Question: The story unfolds in two locations: a horse farm in Kentucky and the West Village in New York City. You live in New York now. Did you grow up on a farm?
Heather Clay: I did. The setting of Four Corners Farm is almost completely autobiographical; my family runs a Thoroughbred horse farm in central Kentucky, which functions as its own little universe, and had always been a seminal place in my life and writing.

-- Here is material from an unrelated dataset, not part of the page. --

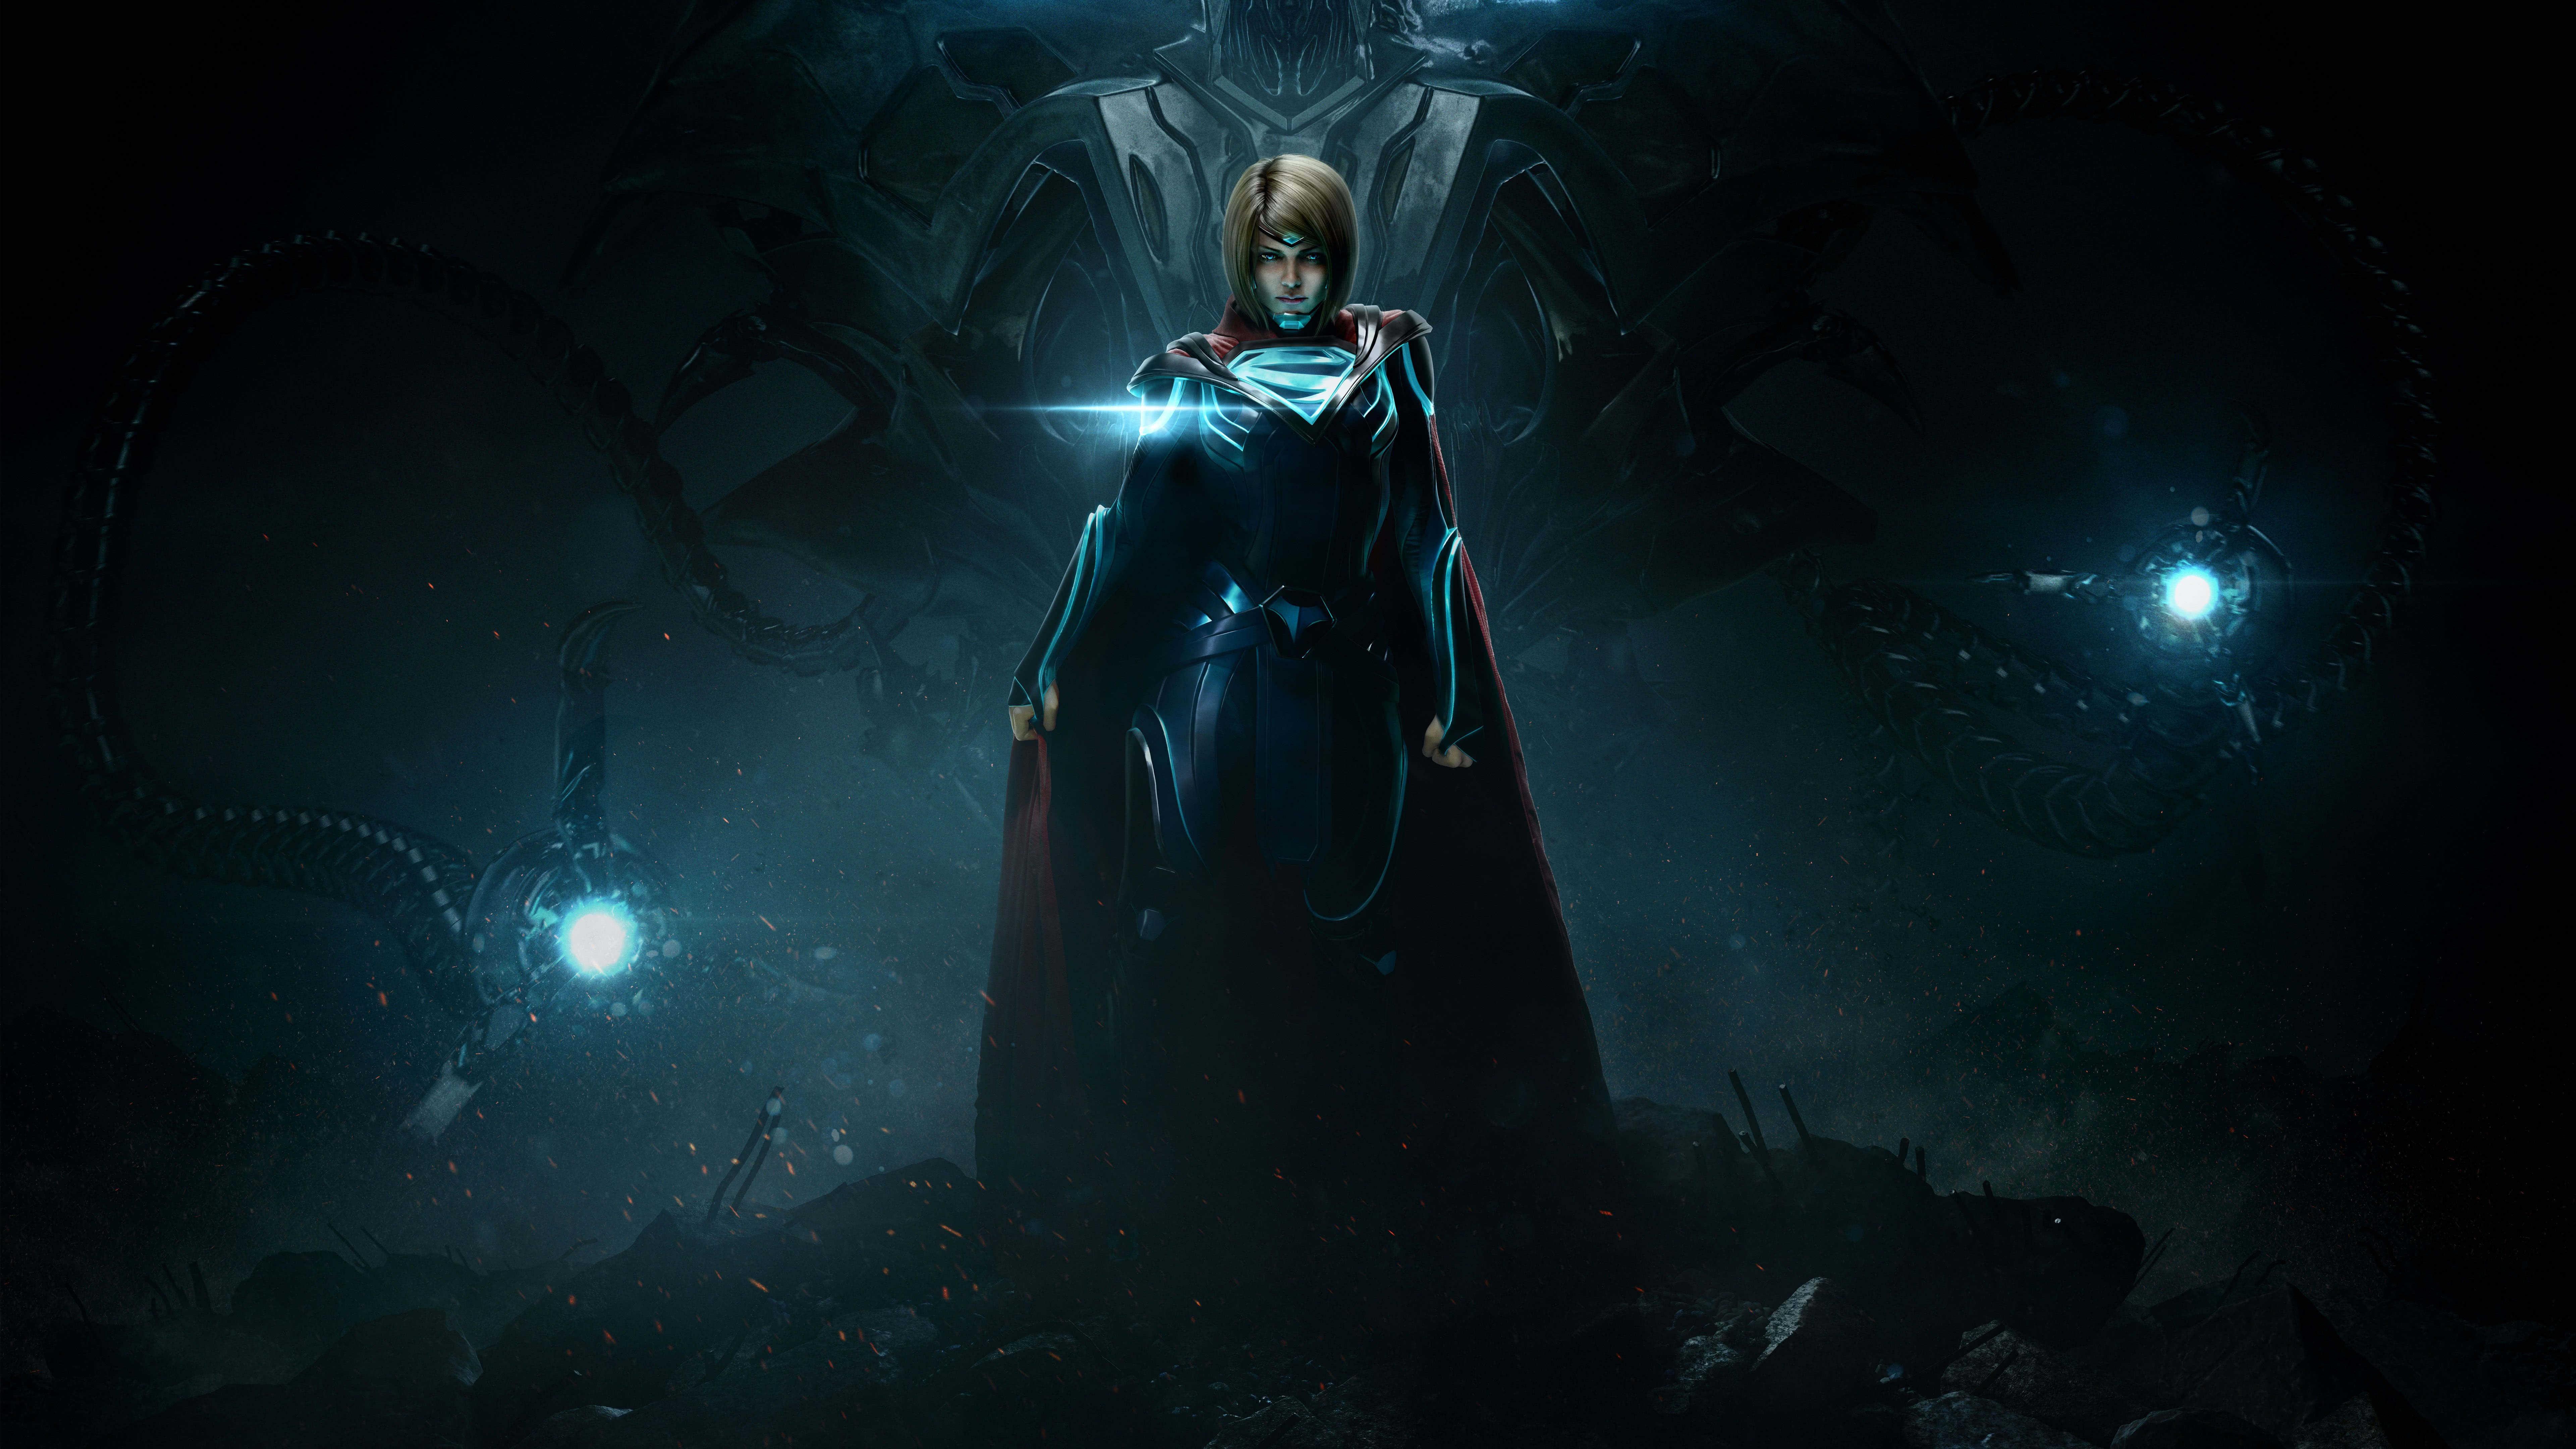 Free Download Injustice 2 Supergirl Uhd 8k Wallpaper Pixelz

The contrast between the two places where I spend the majority of my time--Kentucky and New York--and between the notions of North and South, as well as the community life that a family farm necessitates versus the isolation and independence possible in a large city, seemed fertile ground to plow as I told the story of two sisters with very distinct personalities and lives.
Question: The story is told from the perspectives of two characters--Charlotte’s sister Knox and Charlotte’s husband Bruce. Did you always know that Charlotte’s character would come to be shaped through Knox and Bruce? Who was more difficult to write?

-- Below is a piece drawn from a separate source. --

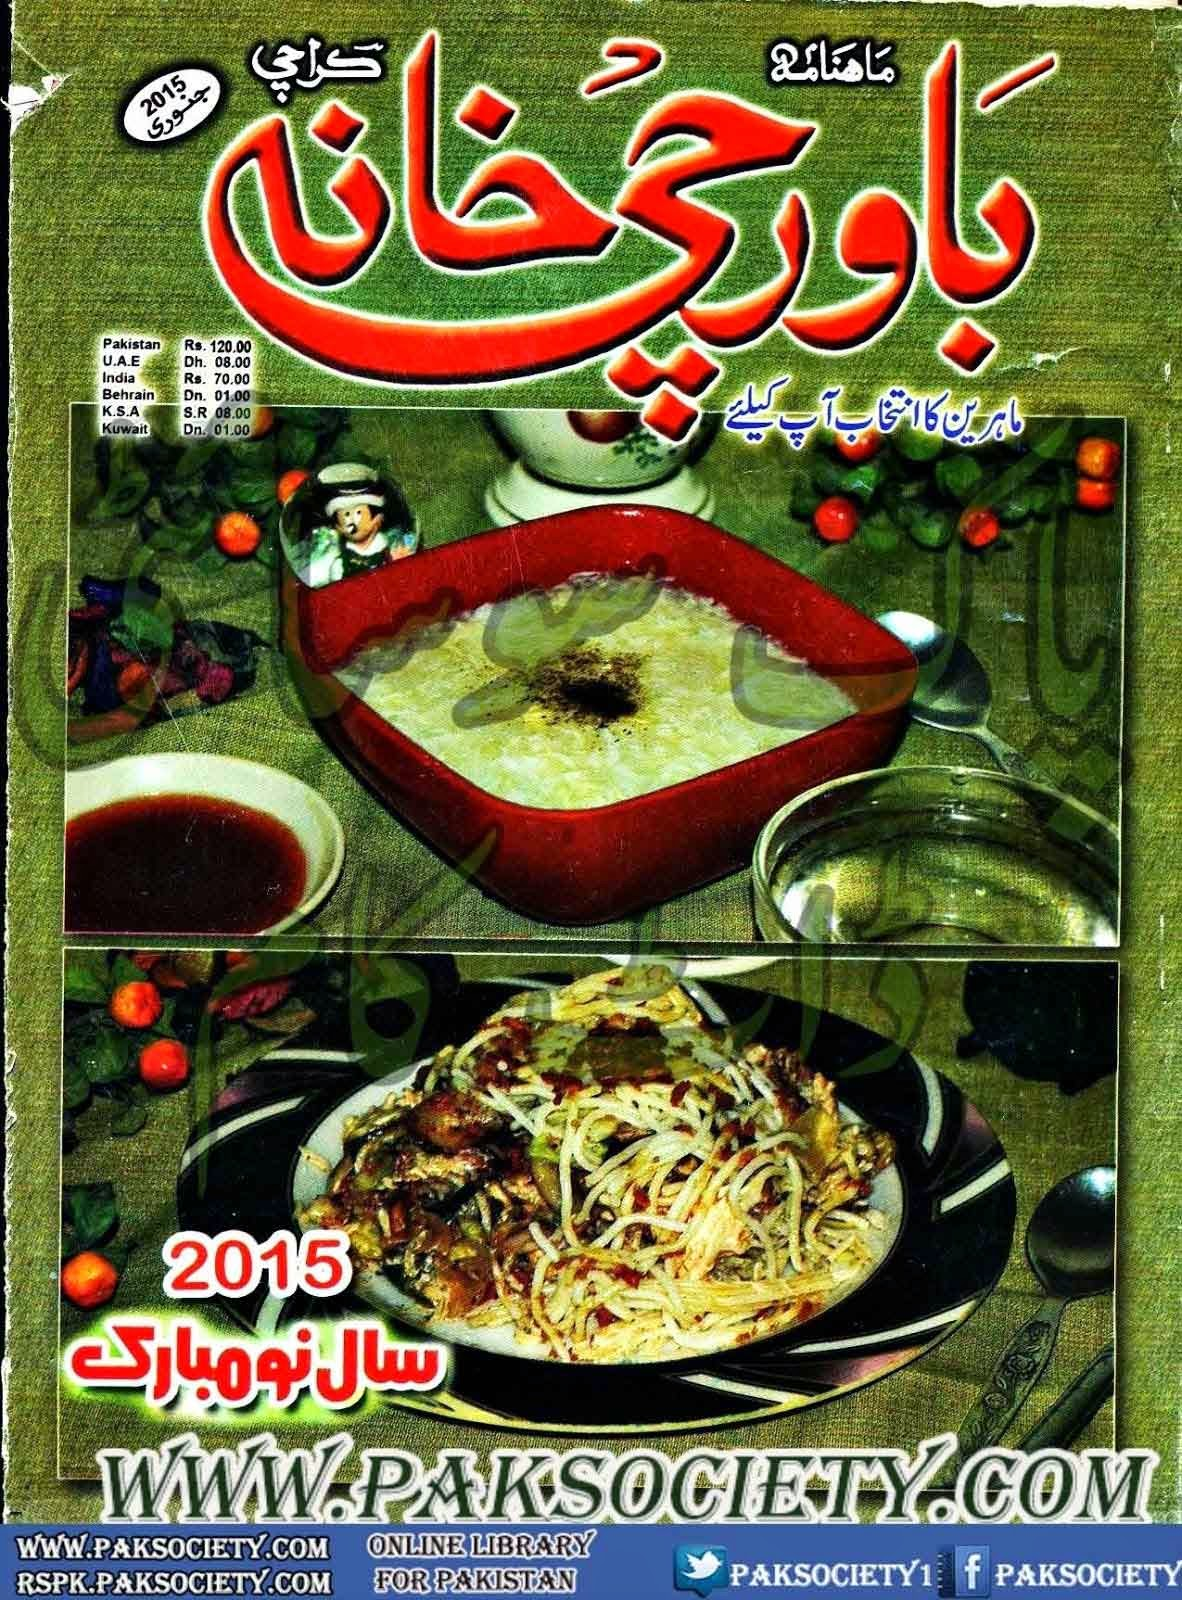 Bawarchi Khana Magazine January 2015

Heather Clay: The novel went through more populous incarnations; at one point, every character in it had a voice. But as the book began to take shape in part as the story around an absence, a lacuna which each of Charlotte’s family members would describe somewhat differently and mourn differently, it made sense to me to focus in on the two characters who had the most to lose when she died: Bruce, for obvious reasons, and Knox, because she has so much unfinished business with Charlotte, and because she defines herself by the ways in which she is different from Charlotte, and has no practice existing without her sister to measure herself against.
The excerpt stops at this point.